Transcribe exactly the lines that fall between the one holding "Samsung Rant Cell Phone for Sprint" and the one holding "Synthesis and antioxidative", inclusive, from the entries below.

(DATASET CONTENT)

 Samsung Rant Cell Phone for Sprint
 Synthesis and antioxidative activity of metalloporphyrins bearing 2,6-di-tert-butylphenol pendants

(End DATASET CONTENT)
(DATASET CONTENT)

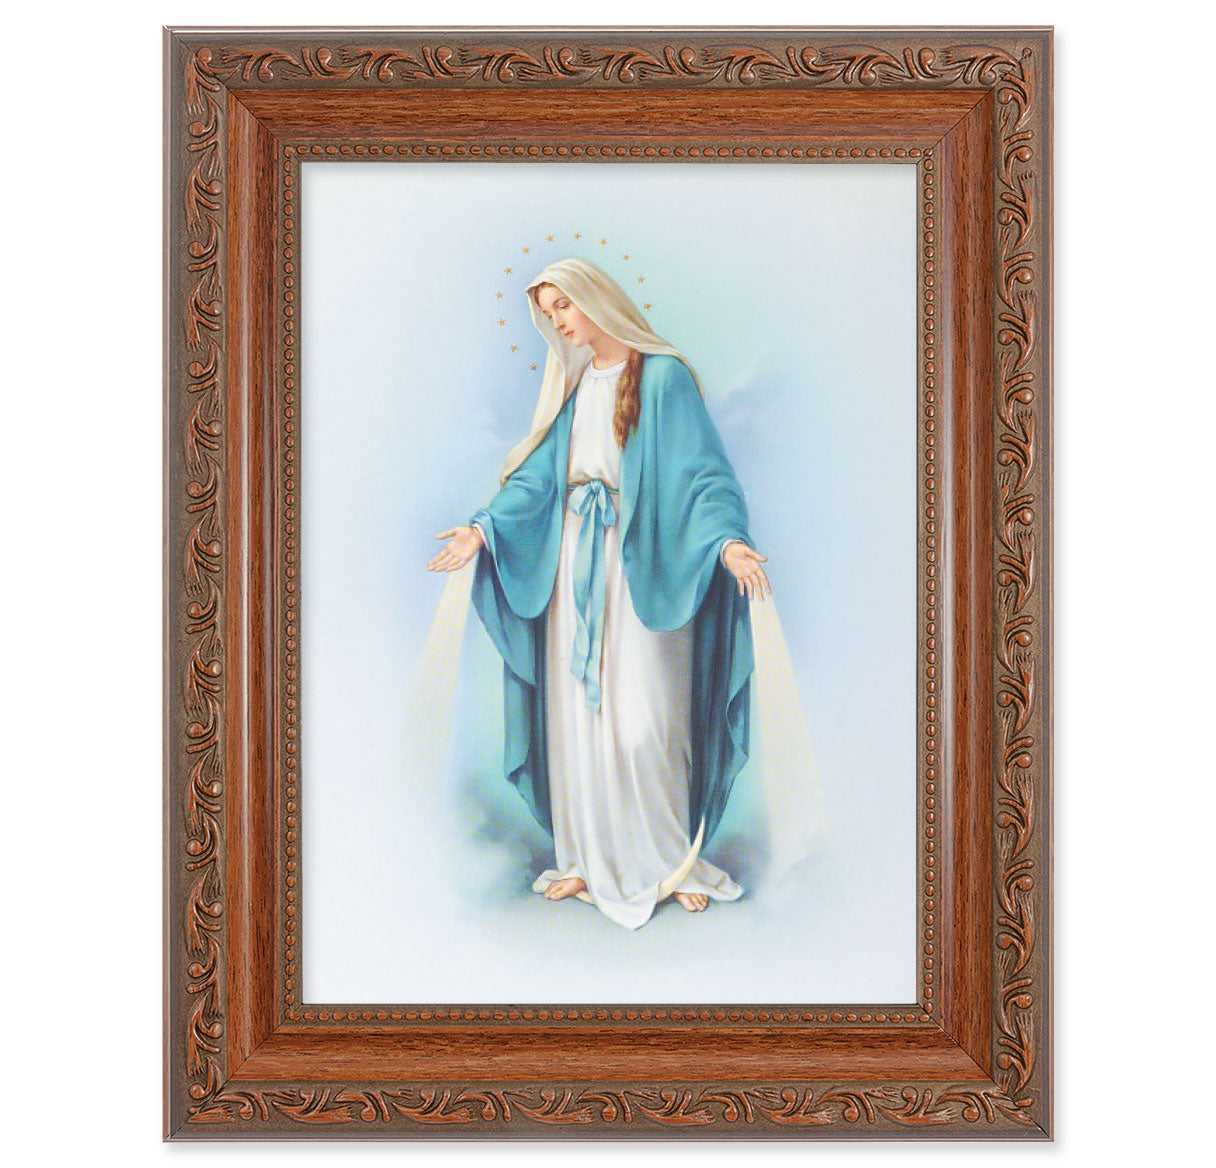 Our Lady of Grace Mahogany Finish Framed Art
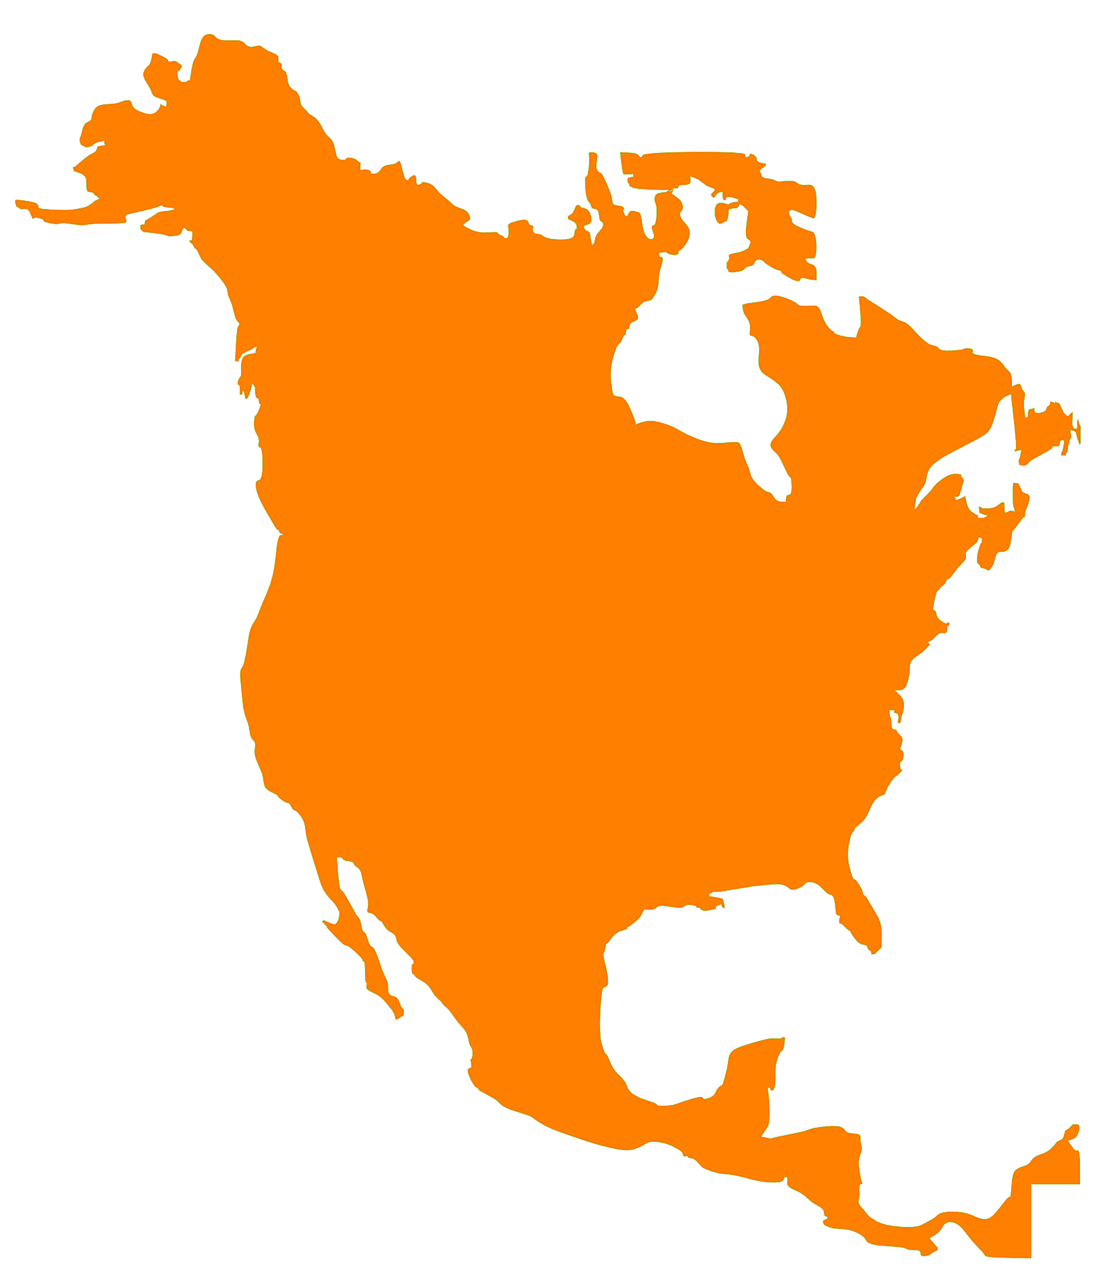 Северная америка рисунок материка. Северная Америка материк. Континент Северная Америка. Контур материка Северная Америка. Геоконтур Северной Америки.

(End DATASET CONTENT)

#### RESPONSE
 Samsung Rant Cell Phone for Sprint
 Synthesis and antioxidative activity of metalloporphyrins bearing 2,6-di-tert-butylphenol pendants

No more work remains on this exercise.